A DE-CIX é conhecida pela sua infraestrutura de troca de tráfego de internet. Como vê a evolução da infraestrutura digital na Península Ibérica e em Portugal, em particular?
Vejo um grande potencial para o Sul da Europa se tornar tão forte como os mercados FLAPS tradicionais na Europa (Frankfurt, Londres, Amesterdão, Paris e Estocolmo) em termos de interligação. Temos assistido a um enorme crescimento na região, com a DE-CIX Madrid a tornar-se, há muito tempo, a maior IX do Sul da Europa. A DE-CIX Madrid está interligada com os nossos outros IX no Sul da Europa: em Lisboa, Barcelona (Espanha), Marselha (França) e Palermo (Itália). Juntos formam o maior ecossistema de interligação neutra para operadores e data centers no sul da Europa.
Em relação a Portugal, o DE-CIX Lisboa, o IX mais jovem da cidade, alcançou a posição número 1 como o maior IX em número de redes em Portugal, trazendo redes internacionais para o país para interligar e trocar tráfego de dados com redes locais portuguesas e europeias Mas não se trata apenas de como os nossos IX crescem. O que vemos é que todo o ecossistema cresce connosco – as redes, os data centers, até os outros IXs. E isto é algo que vemos com frequência: um IX distribuído, de data center e de operador neutro pode atuar como um impulsionador do crescimento, proporcionando uma oferta complementar no mercado e beneficiando todas as partes envolvidas.
Que papéis desempenham os Internet Exchange Points (IXPs) no desenvolvimento das economias digitais locais, como é o caso de Portugal e Espanha?
A interligação local das redes através de um Internet Exchange (IX) é fundamental para a otimização da conectividade. Cada milissegundo conta na velocidade de transferência de dados. É aqui que a latência, o tempo que os dados demoram a viajar até ao seu destino para processamento e voltar, desempenha um papel importante. Ao trocar o tráfego de dados diretamente com outras redes num IX, os operadores de rede e os seus clientes empresariais podem otimizar a conectividade e garantir caminhos de dados curtos e seguros. Os IX incentivam também o desenvolvimento de uma concorrência saudável e de um ecossistema digital local, ao mesmo tempo que reduzem o custo da conectividade. Para as cidades que aspiram a tornar-se um hub de Internet, atrativo para a instalação de empresas e de alto desempenho, o caminho anda em torno da interligação direta.
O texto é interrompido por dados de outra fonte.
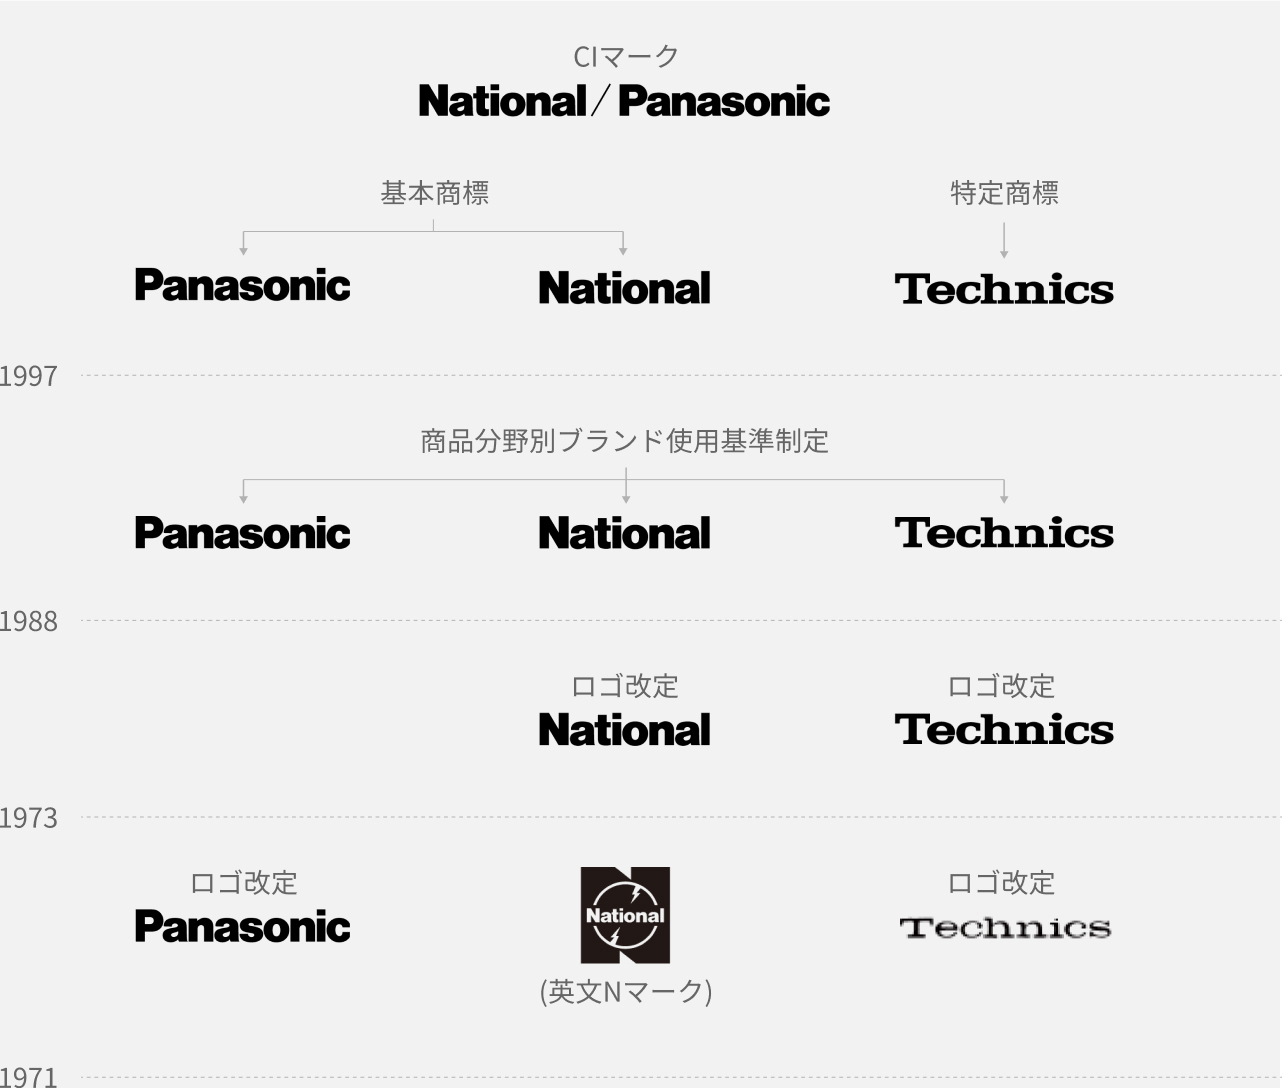 1997 年：CI マーク「National/Panasonic」、基本商標「Panasonic」と「National」、特定商標「Technics」。1988 年：「Panasonic」と「National」と「Technics」に商品分野別ブランド使用基準を制定。1973年：「National」と「Technics」をロゴ改定。1971 年：「Panasonic」をロゴ改定、「National」（英文N マーク）、「Technics」をロゴ改定。
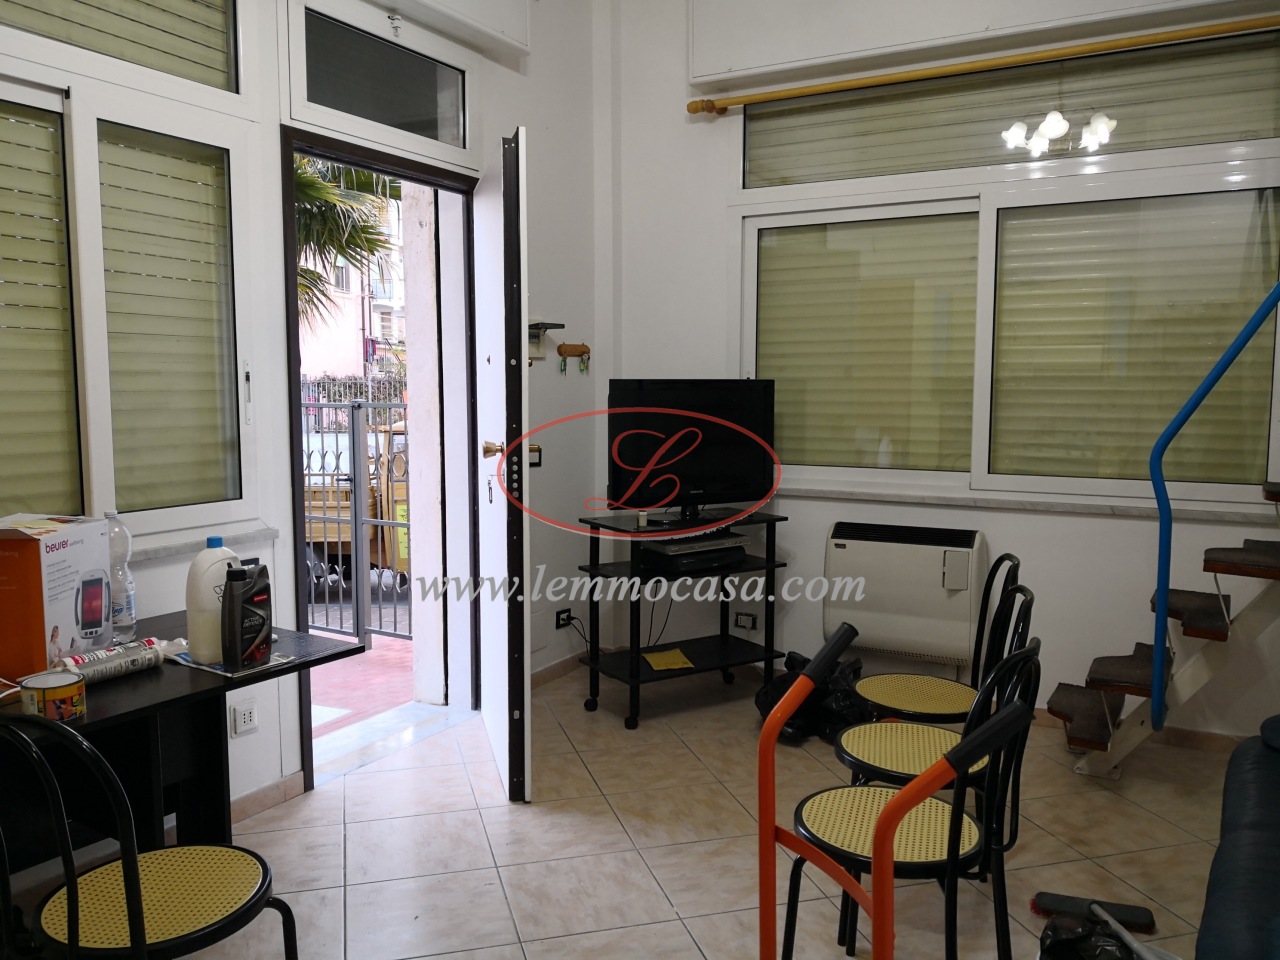 Appartamento in vendita a San Bartolomeo al Mare, 2 locali, prezzo € 150.000 | PortaleAgenzieImmobiliari.it

Estou muito satisfeito com o facto de as nossas três plataformas ibéricas de interligação – DE-CIX Madrid, DE-CIX Lisboa e DE-CIX Barcelona – poderem desempenhar um papel tão importante na otimização dos fluxos globais de dados e permitir o crescimento na região, estabelecendo a importância da diversidade e de uma oferta complementar no mercado.
O crescimento notável do ecossistema digital da Península Ibérica desde 2016 mostra a importância crescente da região e o valor económico da interligação para as economias digitais de hoje e de amanhã. A Península Ibérica é um local estrategicamente importante para os negócios internacionais e está preparada para desempenhar um papel mais importante nos valiosos fluxos de dados transatlânticos. É a interação de redes, centros de dados e IXs que promove um maior crescimento económico e incentiva o investimento local e estrangeiro na região.
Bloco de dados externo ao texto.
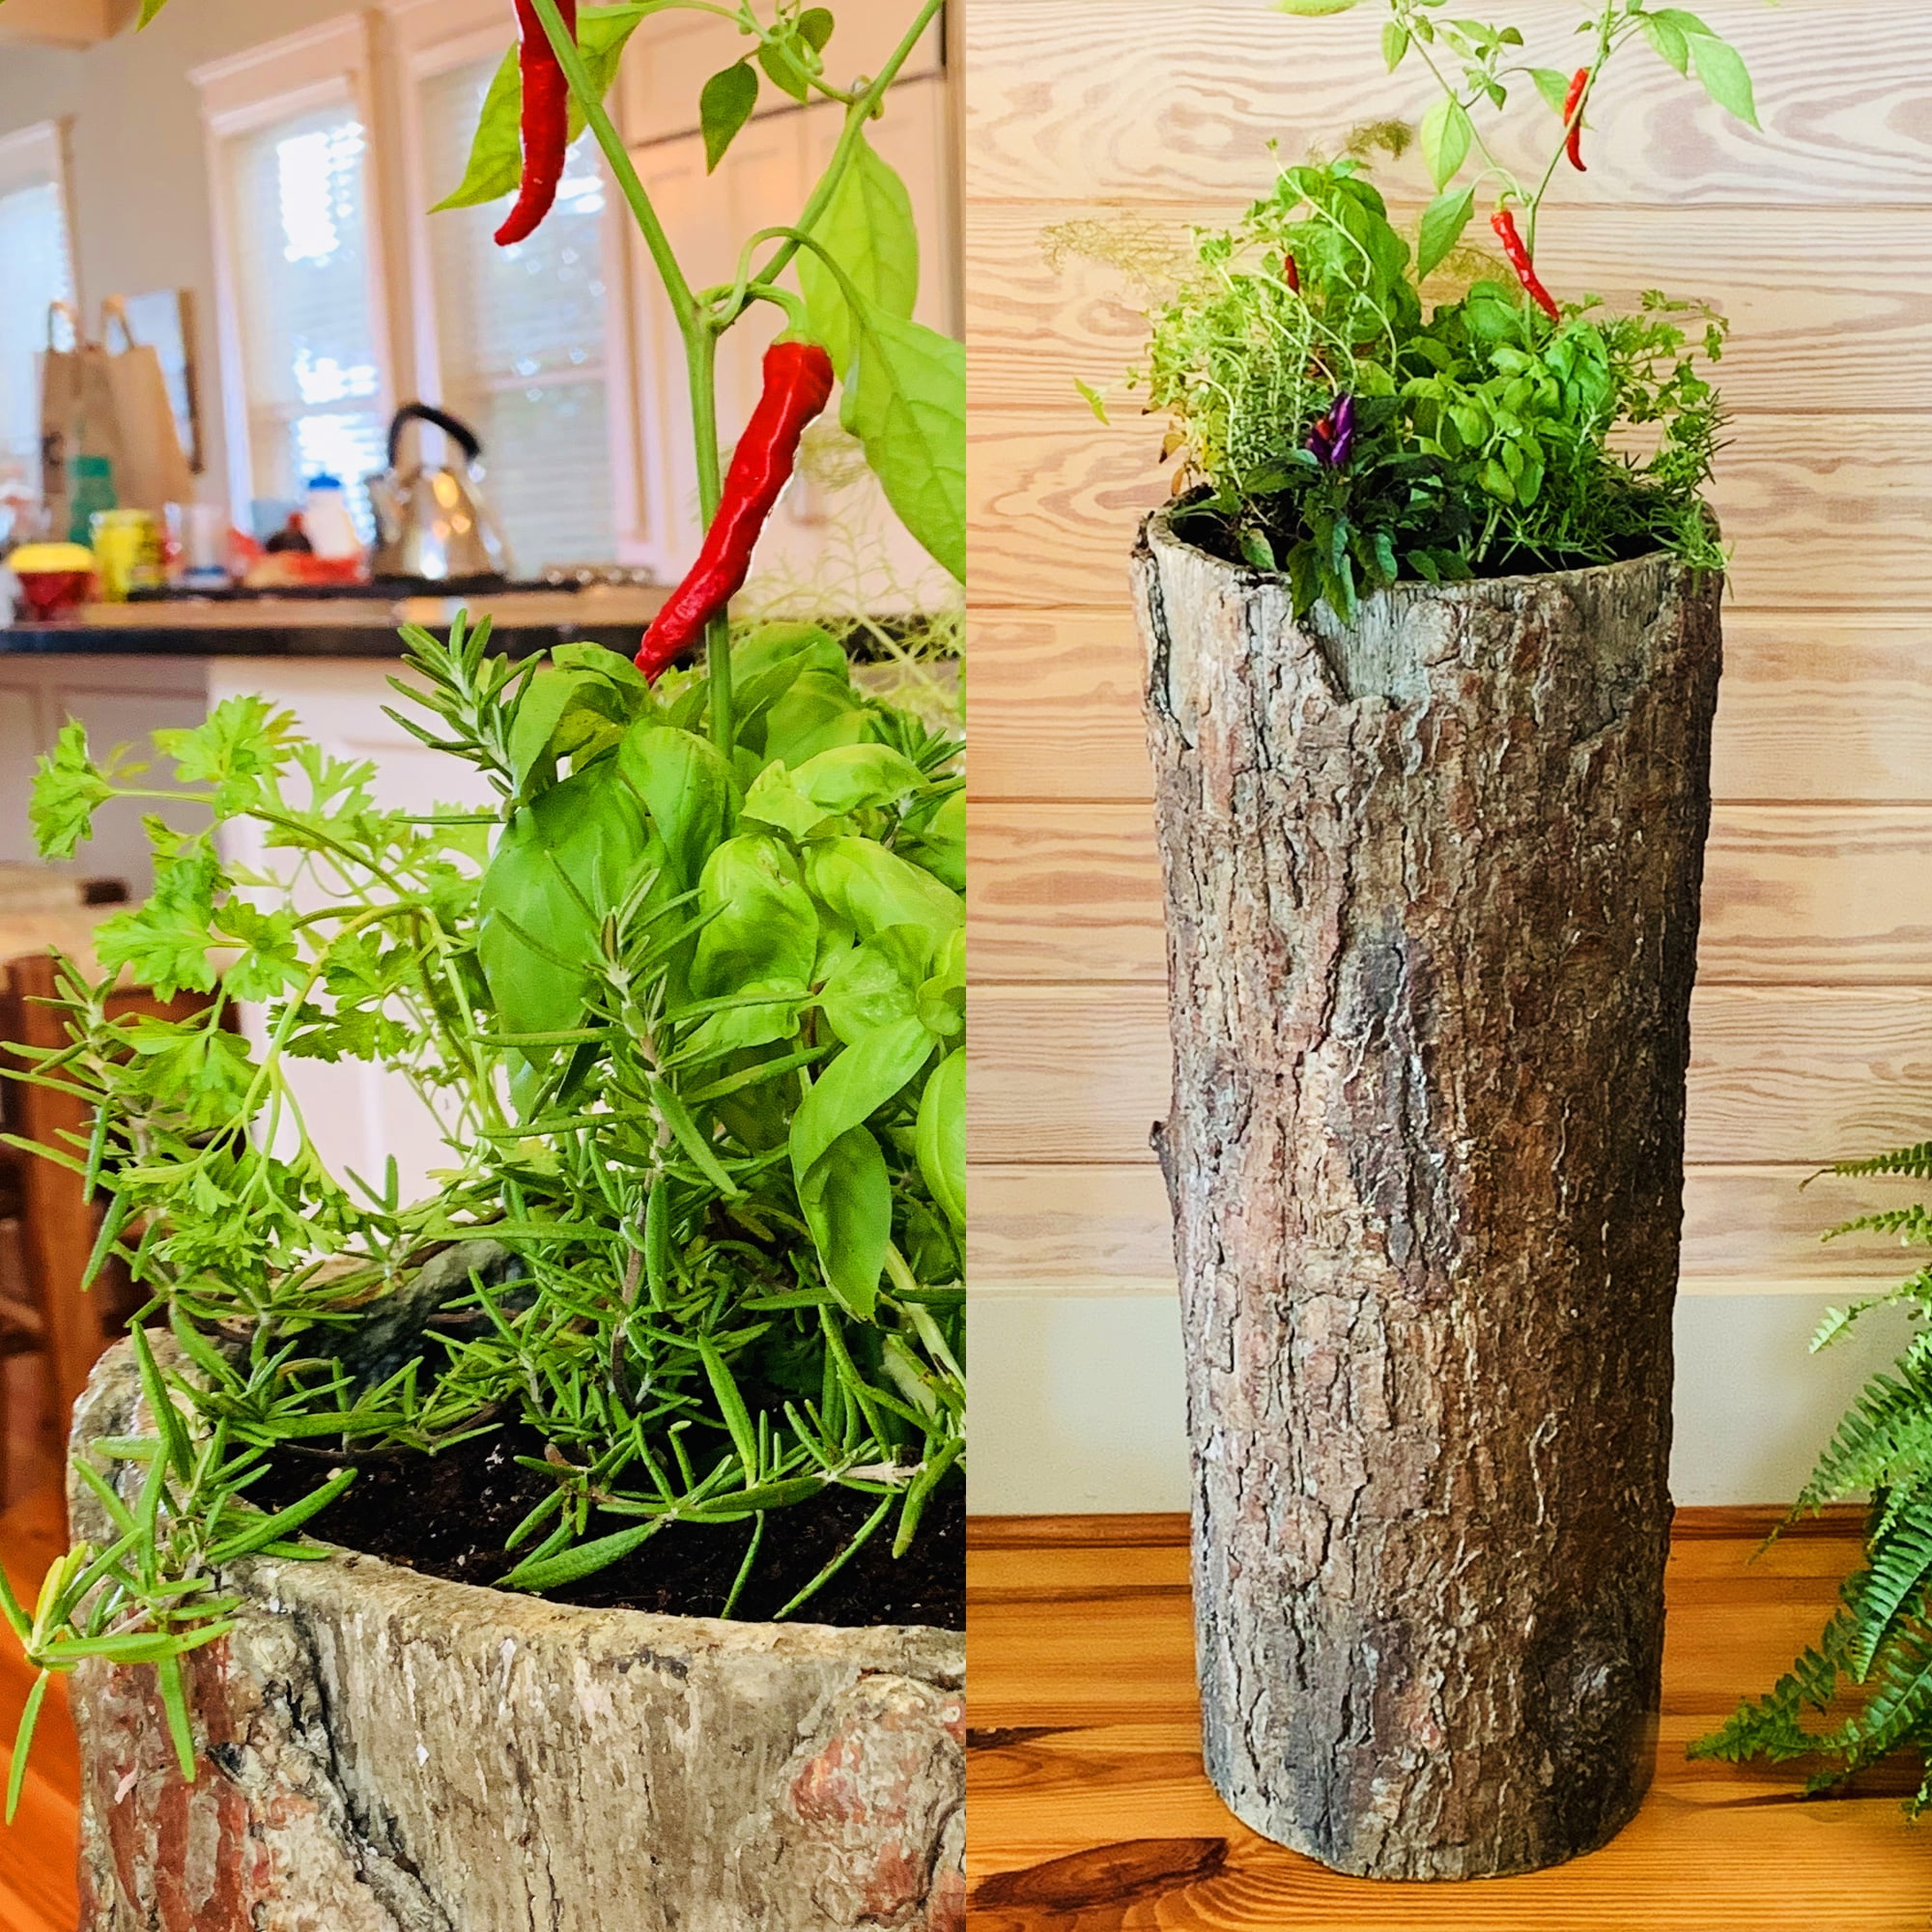 Elevated indoor planter Idea

A segurança das redes é um tema crítico, especialmente com o aumento das ameaças cibernéticas. Como a DE-CIX está a enfrentar este desafio?
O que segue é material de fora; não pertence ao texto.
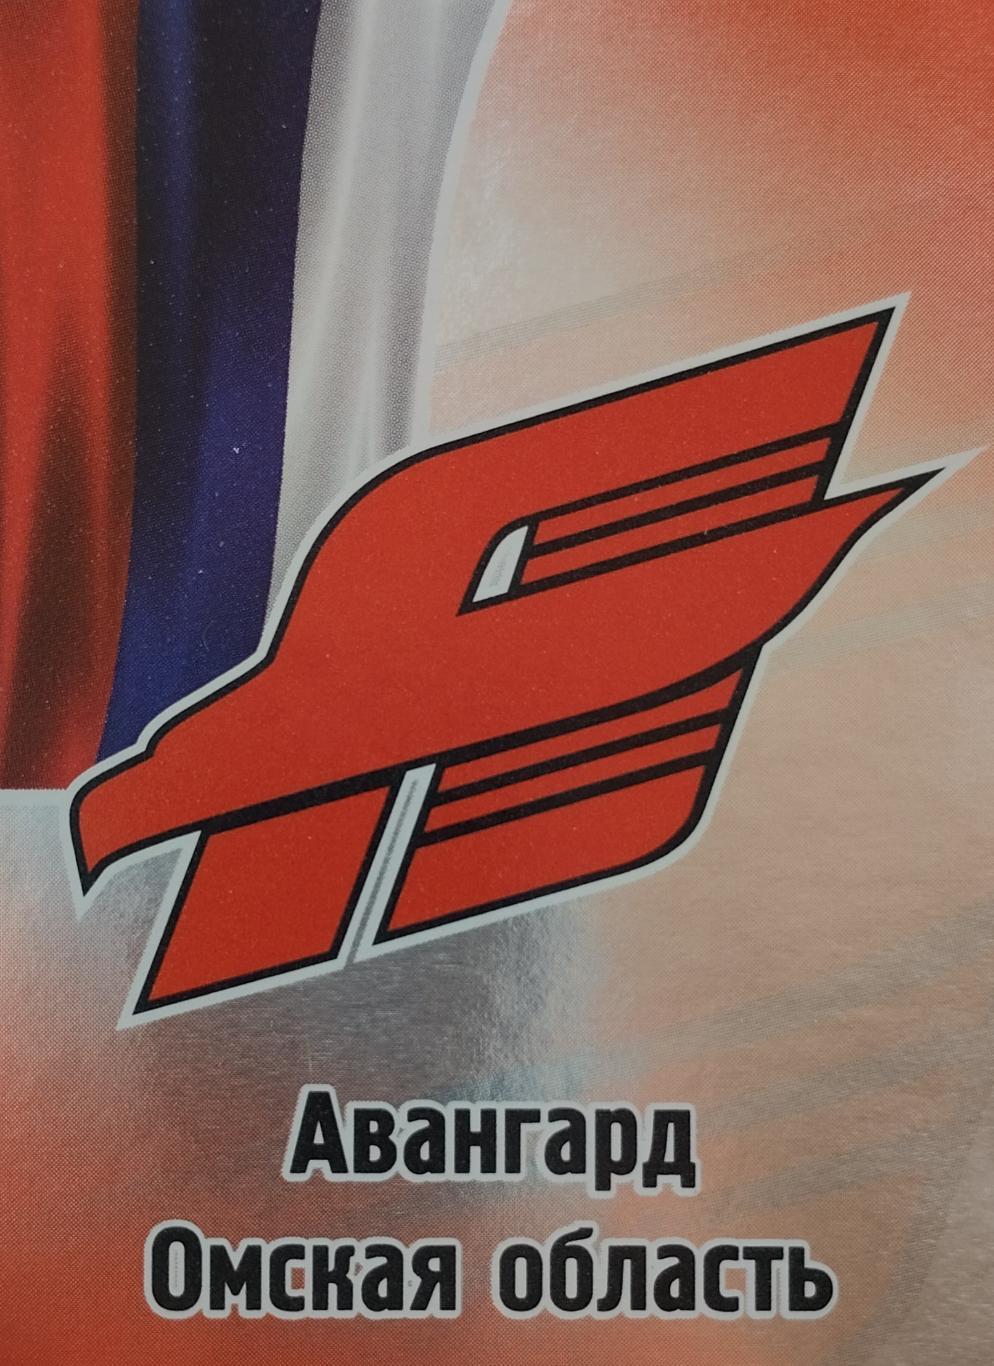 Наклейка. SeReal КХЛ 2012/2013. №463. Логотип. Авангард Омск.

Como operadores da infraestrutura da Internet, temos a tarefa de garantir que prestamos um serviço no qual os nossos clientes têm todo o prazer em confiar. Embora a operação de Internet Exchanges seja claramente uma atividade comercial B2B, no final o que é importante é a confiança do utilizador final sentado em frente ao seu portátil ou telemóvel. Para os operadores de infraestruturas de Internet, é vital para o nosso próprio negócio e para o negócio dos nossos clientes fortalecer e manter a confiança na Internet. Para um Internet Exchange (IX), a investigação e o desenvolvimento contínuos, as auditorias e certificações de segurança e o desenvolvimento e manutenção das melhores práticas são tão centrais para o processo de garantia da segurança da rede como a prestação de serviços de segurança adicionais para proteger contra danos intencionais e acidentais.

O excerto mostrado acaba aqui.